Segment Start: Available data

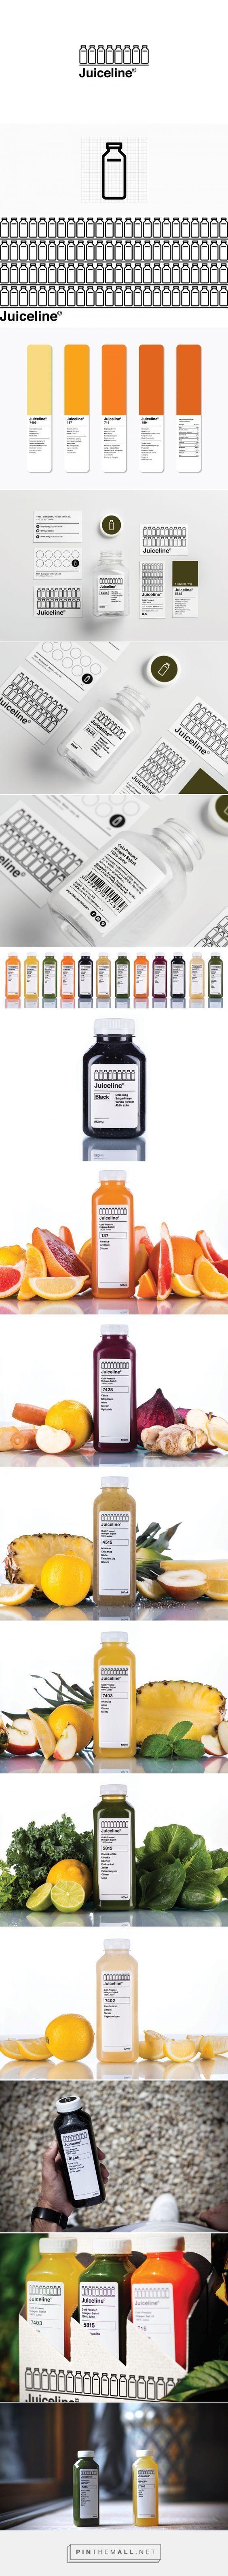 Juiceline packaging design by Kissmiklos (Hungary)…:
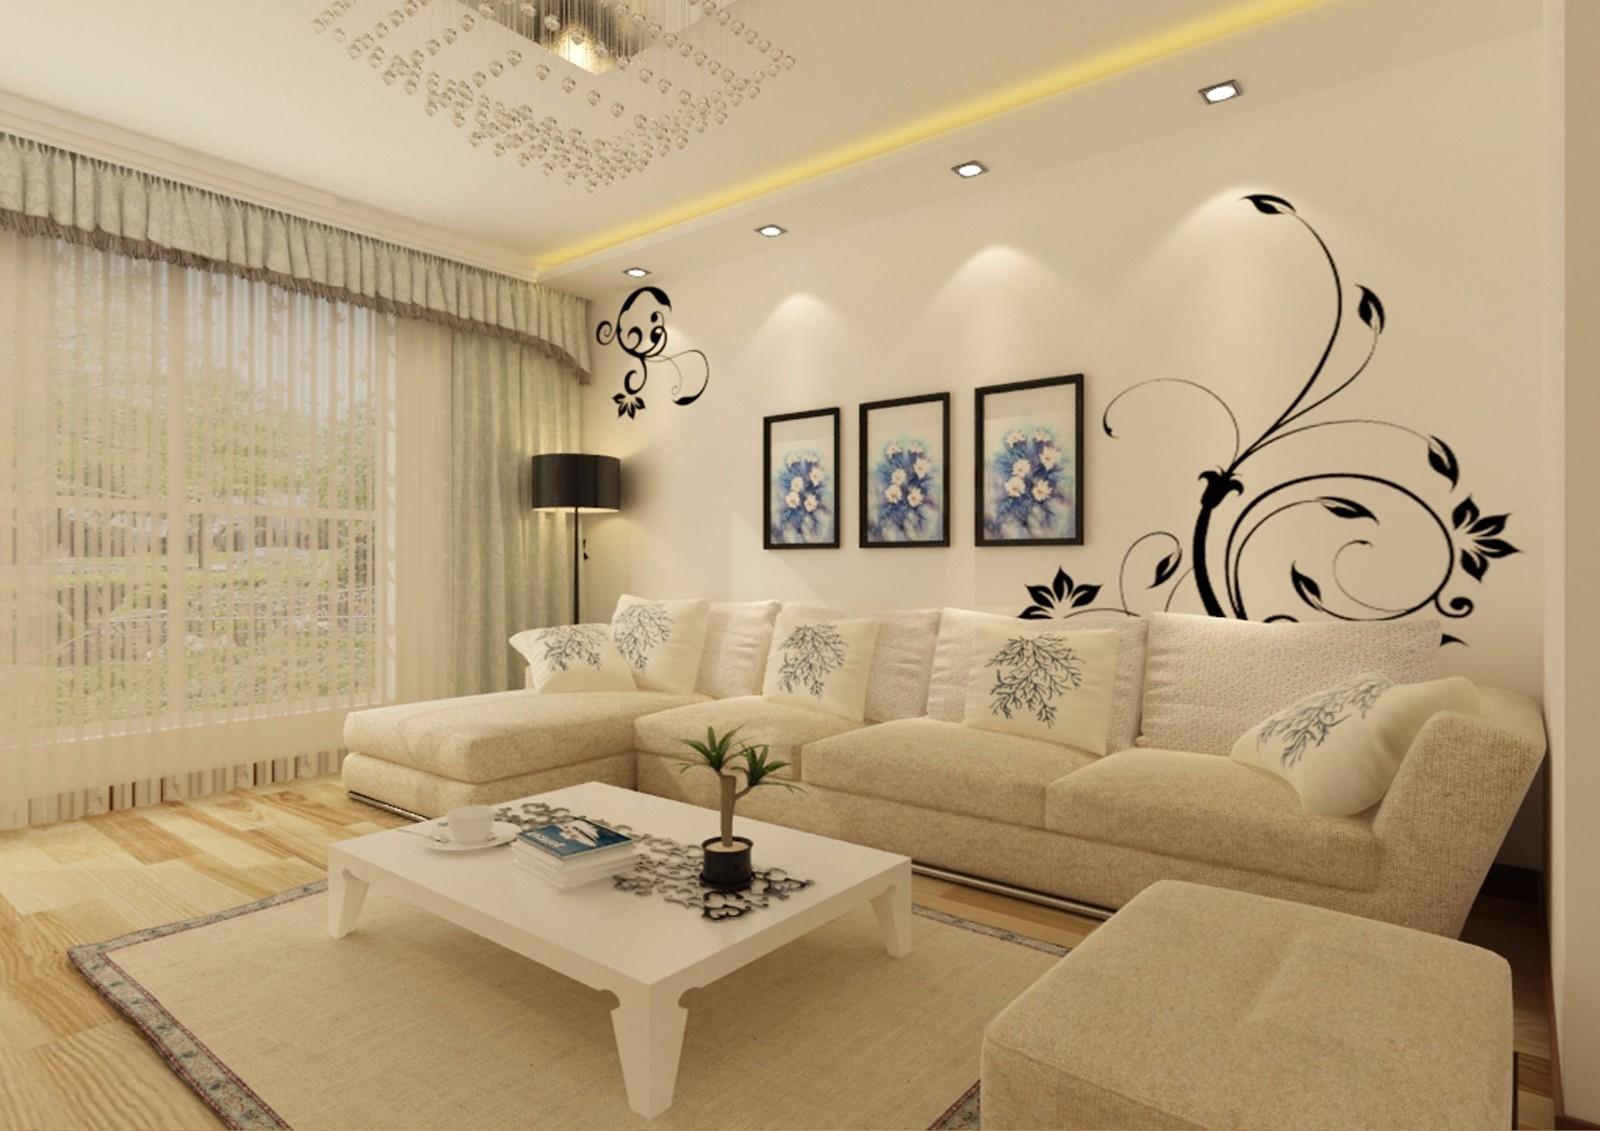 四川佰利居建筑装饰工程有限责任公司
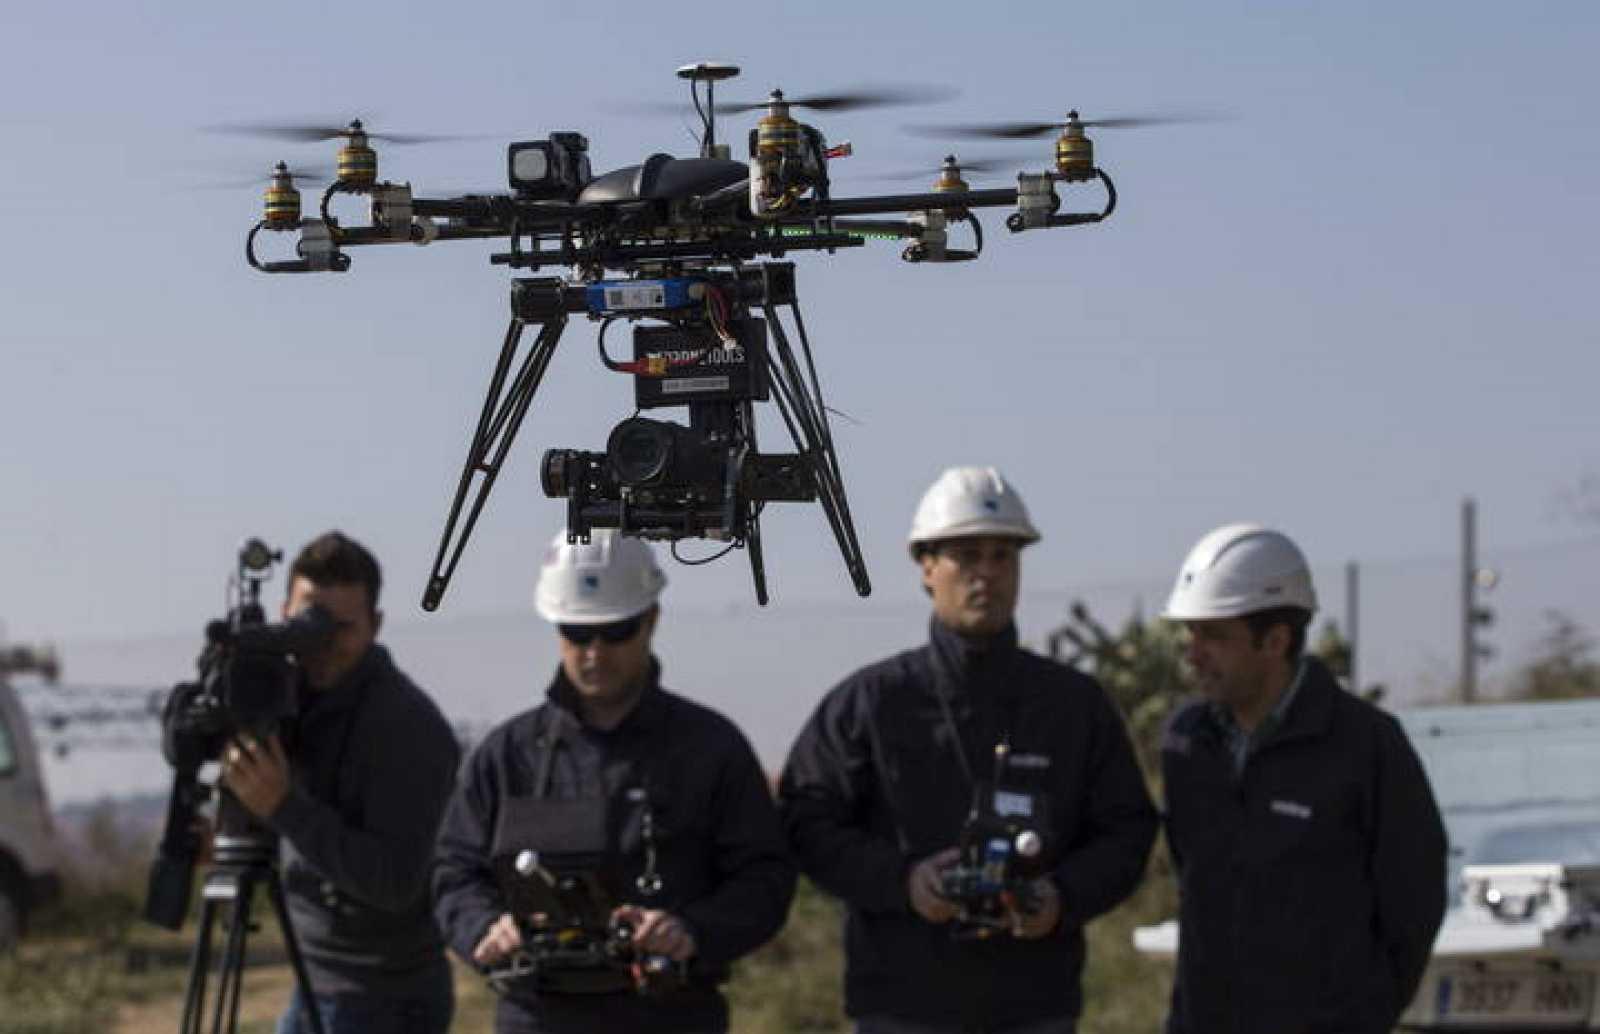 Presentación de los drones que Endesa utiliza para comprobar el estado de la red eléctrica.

Segment End: Available data

Make an exact copy of the listing above. Do not include the pictures.

 Juiceline packaging design by Kissmiklos (Hungary)…:
 四川佰利居建筑装饰工程有限责任公司
 Presentación de los drones que Endesa utiliza para comprobar el estado de la red eléctrica.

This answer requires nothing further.